Sanitizing input files
Existing flat file exports may come with all sorts of quirks. For example, missing values may get written in the files as null
, or some numbers may come with an unusual representation. The role of a sanitization process is to extract a sensible subset of the input data that isn’t entirely sane. When facing somewhat pathological situations, the recommended path in Envision consists of reading the columns as text
, and then applying the parsing logic within the script itself.
Let’s consider the file products.csv
generated by the following script:
table Products = with
[| as Product, as Size |]
[| "shirt", "4,5" |]
[| "pants", "null" |]
[| "hat", "3,2" |]
show table "Products" write:"/sample/products.csv" with
Products.Product
Products.Size
The Size
column contains two oddities. First, there are null
values that cannot be parsed into numbers in a meaningful way. Second, the decimal separator is the comma (,
) instead of being the default dot (.
).
The file can then be read with Size
as a raw text column as illustrated by the following script:
read "/sample/products.csv" as Products with
Product : text
SizeRaw : text = read("Size")
Products.IsSizeDefined, Products.Size =
tryParseNumber(Products.SizeRaw, "", ",")
show table "Products" a1c3 with
Products.Product
Products.SizeRaw
Products.IsSizeDefined
Products.Size
The function tryParseNumber
takes three arguments: first, the text values to be tentatively parsed as numbers, second, the thousand’s separator, third, the decimal separator.

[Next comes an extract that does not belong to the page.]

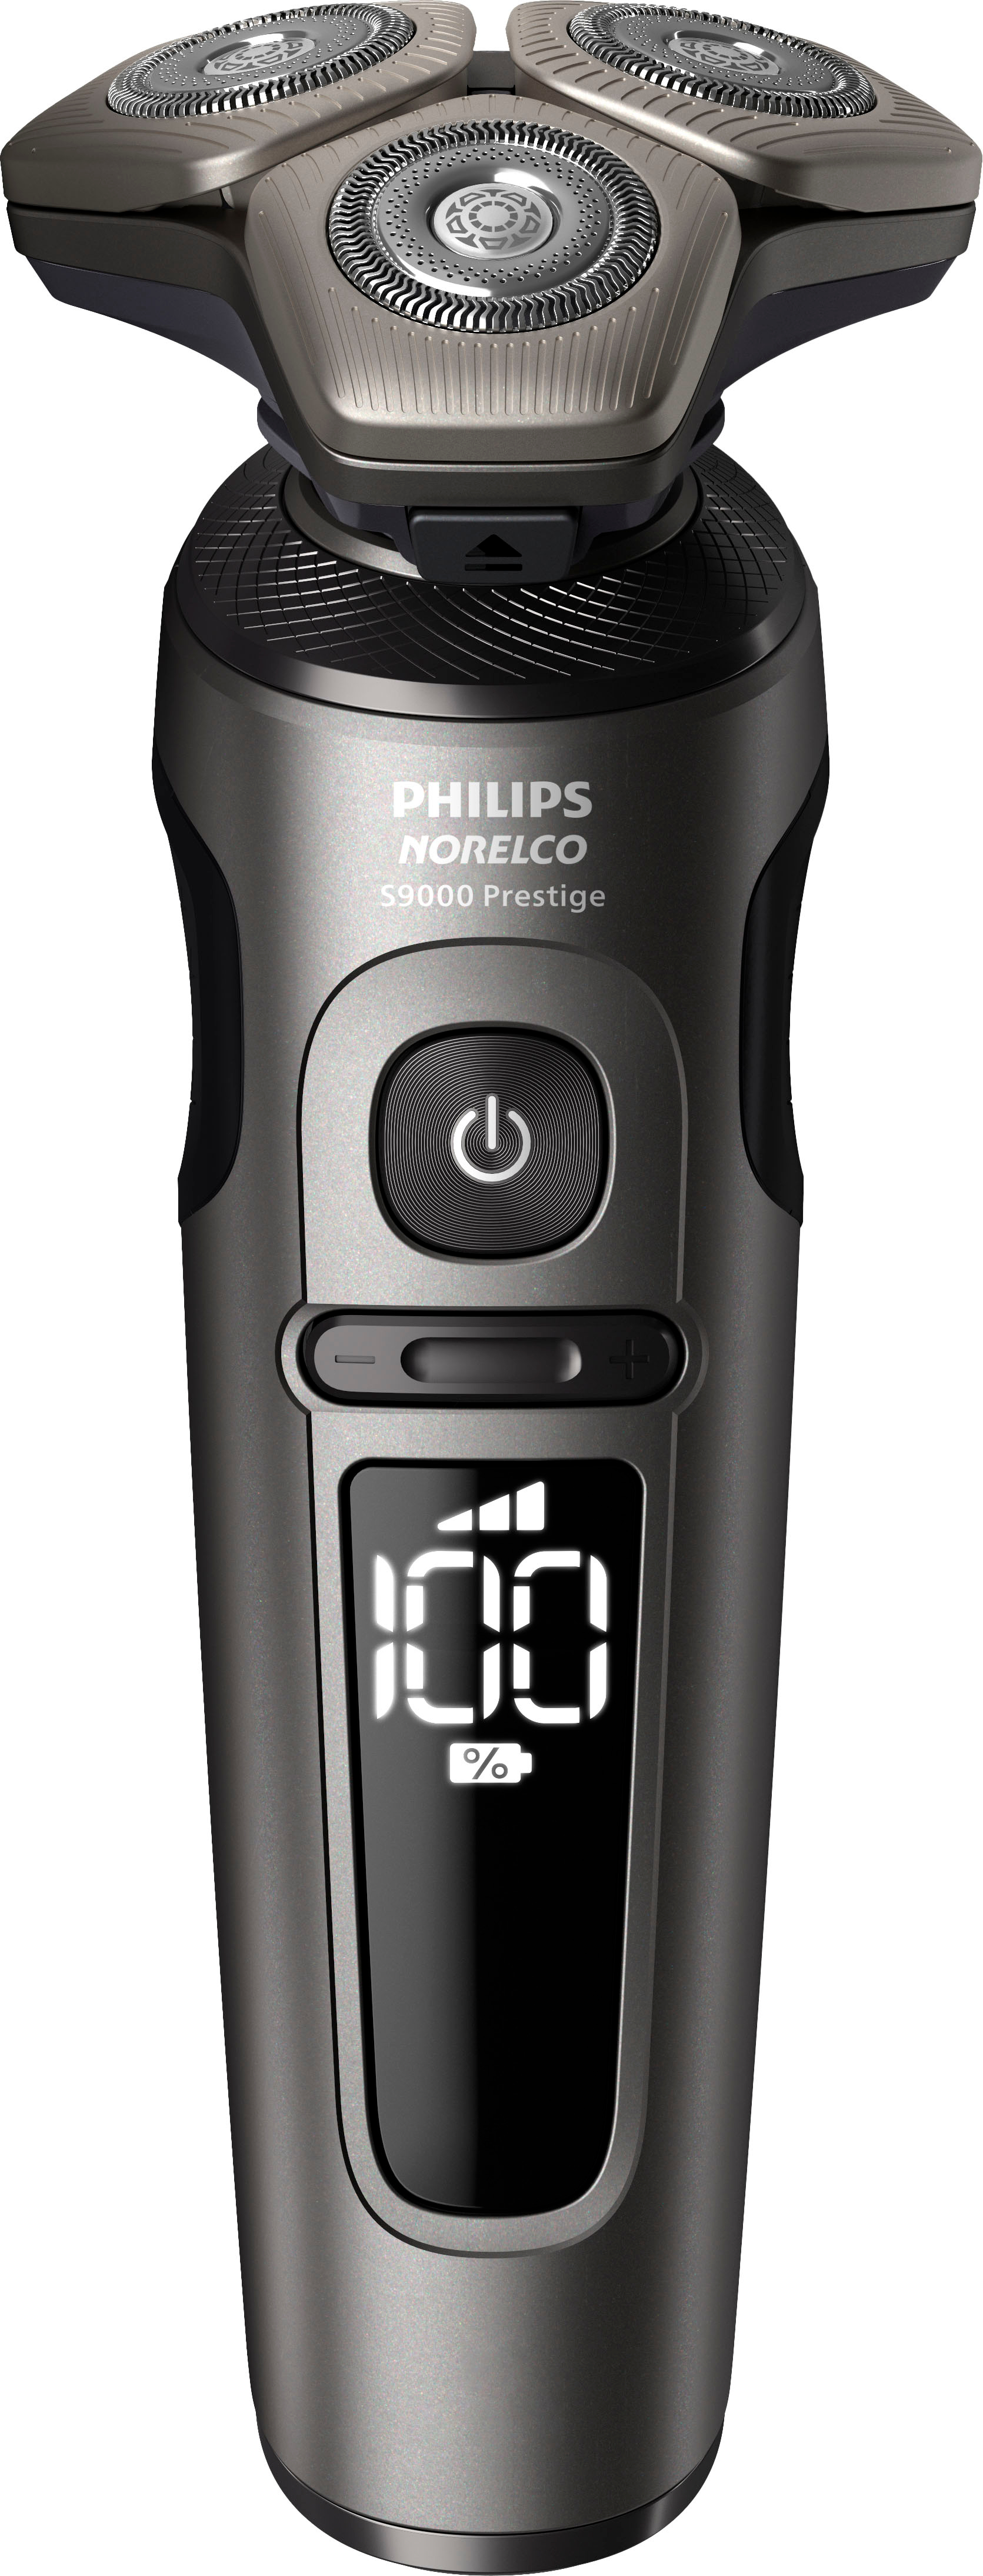 Philips Norelco 9000 Prestige Shaver SP9872/86 Buy with SP9872/86 Charging Qi - Best Pad Black
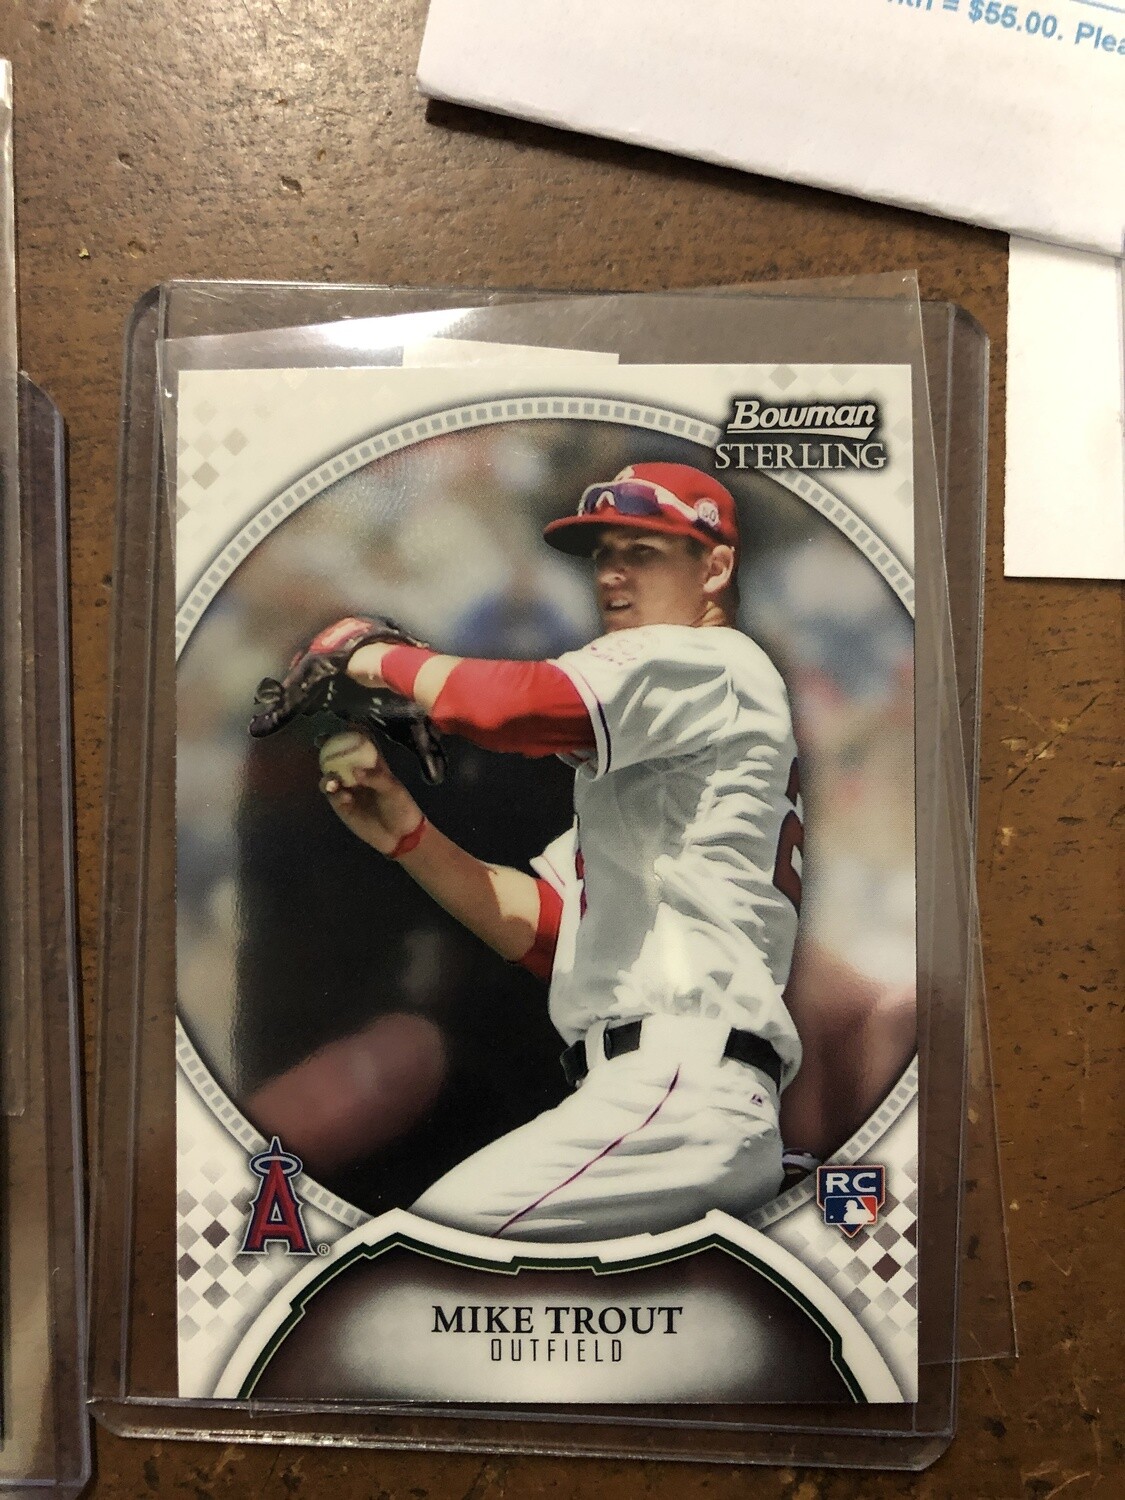 2011 Bowman Sterling Mike Trout rookie

It returns two arguments as a tuple. The first value of the tuple is a boolean
that indicates whether the text value has been successfully parsed as a number. The second value of the table is a number
, which gives the result of the parsing, but only when the parsing has been successful, and otherwise is the default number value (i.e. zero).
Envision also provides the function parseNumber
, which always expects the parsing operation to succeed (and fail otherwise) as well as the functions parseDate
and tryParseDate
, which are the counterparts to what we have seen in this section but for dates instead.